[Foundation-l] Re: Hosting scans of the 1911 Britannica on Wikimedia

Tim Starling t.starling at physics.unimelb.edu.au
Wed Nov 9 22:06:58 UTC 2005


Lars Aronsson wrote:
> Brian wrote:
> 
>>I recently (today) acquired a DVD containing scans of every page 
>>of the 1911 Britannica, along with index files for it all, 
>>[...]
>>TimStarling specifically asked me to tell you all that he is 
>>"confident that the server requirements will be minimal." They 
>>would set up a domain name, generate some web pages 
>>automatically using the index files, and host the entire set of 
>>29,700 files totaling about 4 GB.
> 
> 
> What is suddenly wrong with using Wikimedia Commons and 
> Wikisource?  Why do you need a new domain and server just for this 
> book?  Didn't you see
> http://en.wikisource.org/wiki/The_New_Student%27s_Reference_Work

When Brian came on to IRC and asked us "What is the best way to upload
30,000 images requiring 6 GB to commons?" the reaction from Brion and I was
a groan.

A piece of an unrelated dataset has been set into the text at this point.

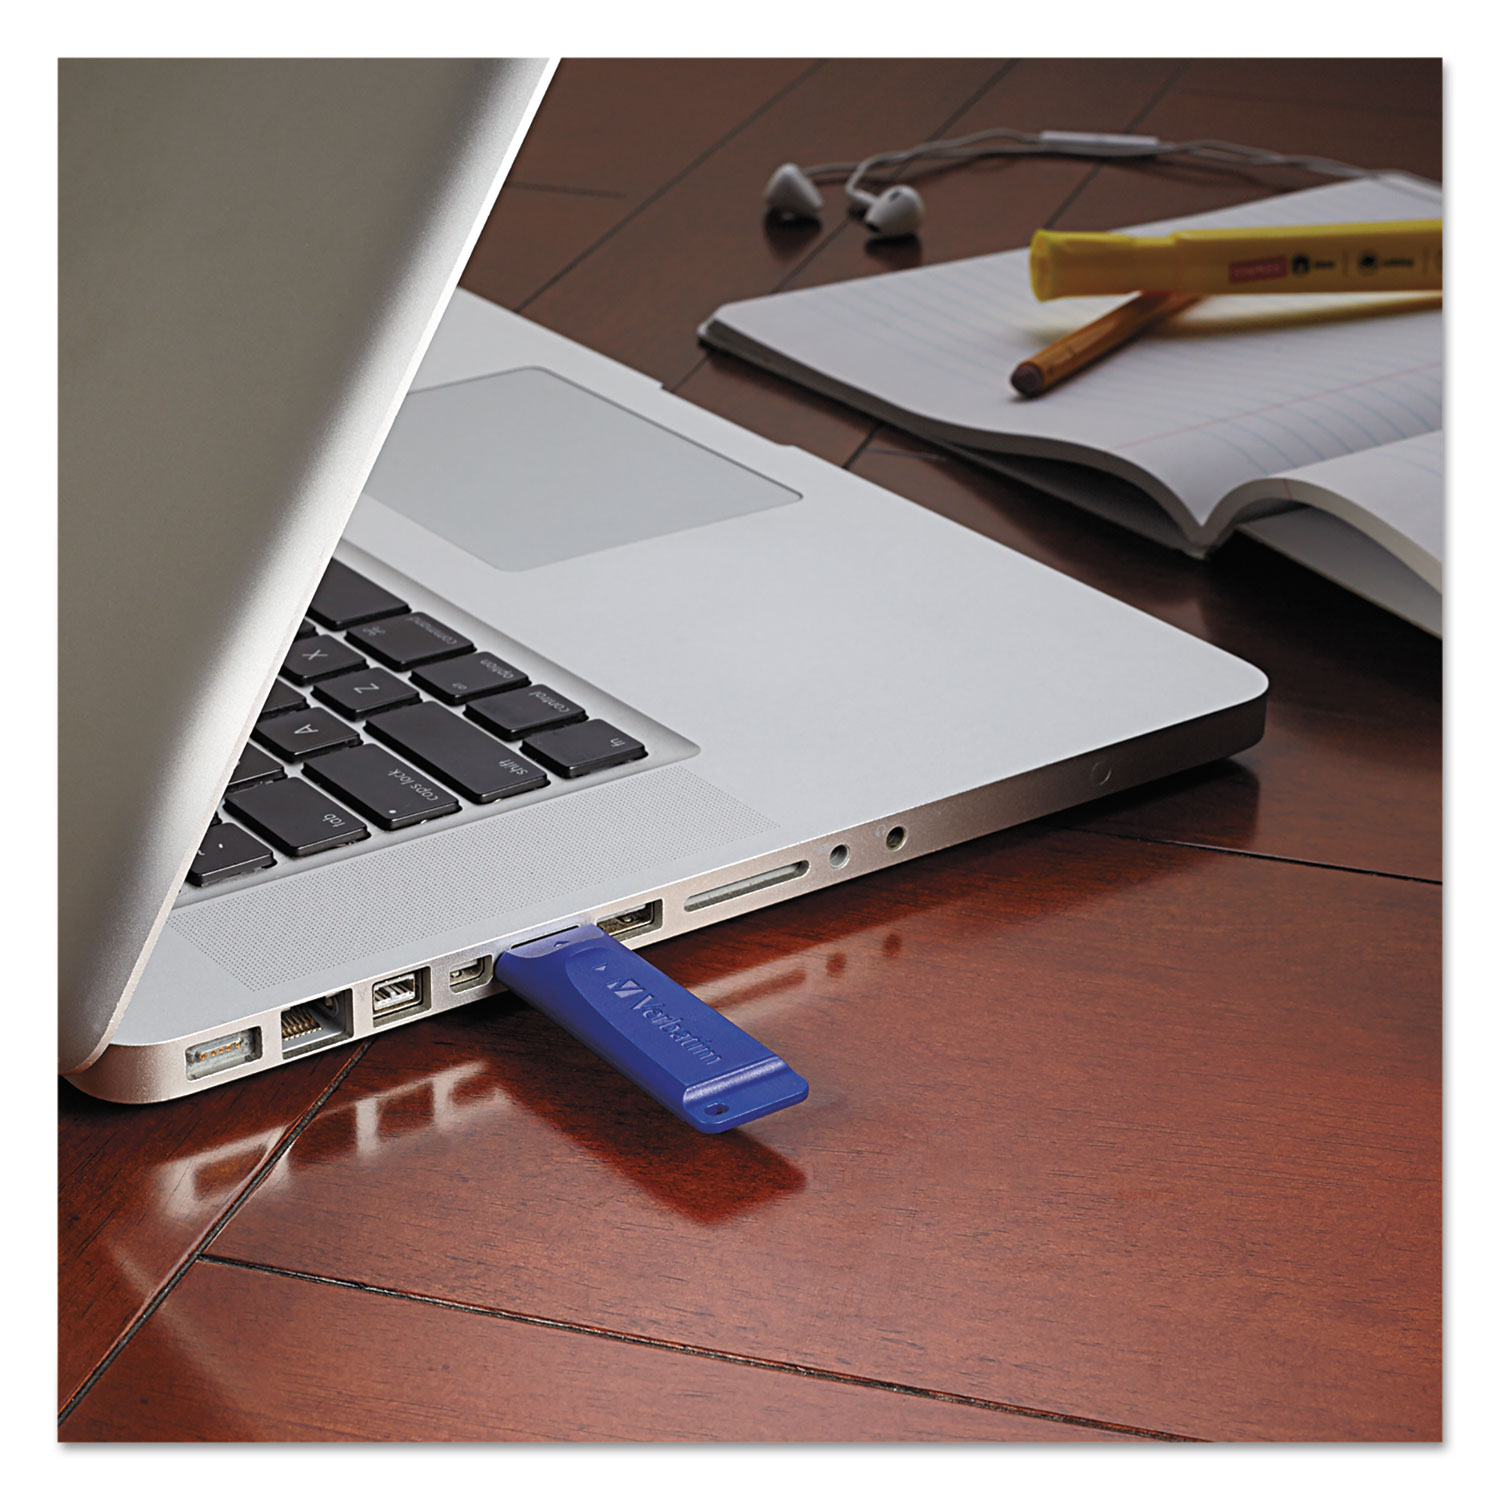 Verbatim Smart 32GB USB 2.0 Flash Drive Model 97408 - image 3 of 4

The hardware requirements for commons are rapidly increasing, and
uploading and storing such content in MediaWiki is inefficient and
non-portable. If we had them in a separate directory on a separate domain,
we could copy them from server to server, make tarballs, run batch
conversion jobs -- all with a minimal amount of programming and system
administration work. And it wouldn't require writing a bot to create 30,000
index pages, we could just write a hundred lines of PHP to index the whole
lot. The collection will be easier to use and more reliable, and it will be
easy to maintain and update the index pages.

All of the navigation text, the headers and footers, could be editable in
wiki fashion. You could let anyone change the header that will be displayed
on 30,000 pages, with no server strain whatsoever. This is in stark contrast
to the system requirements of templates which are used on large numbers of
wiki pages.

Wikisource has suffered so far due to a lack of specialised software. This
kind of initiative could see it become more usable generally.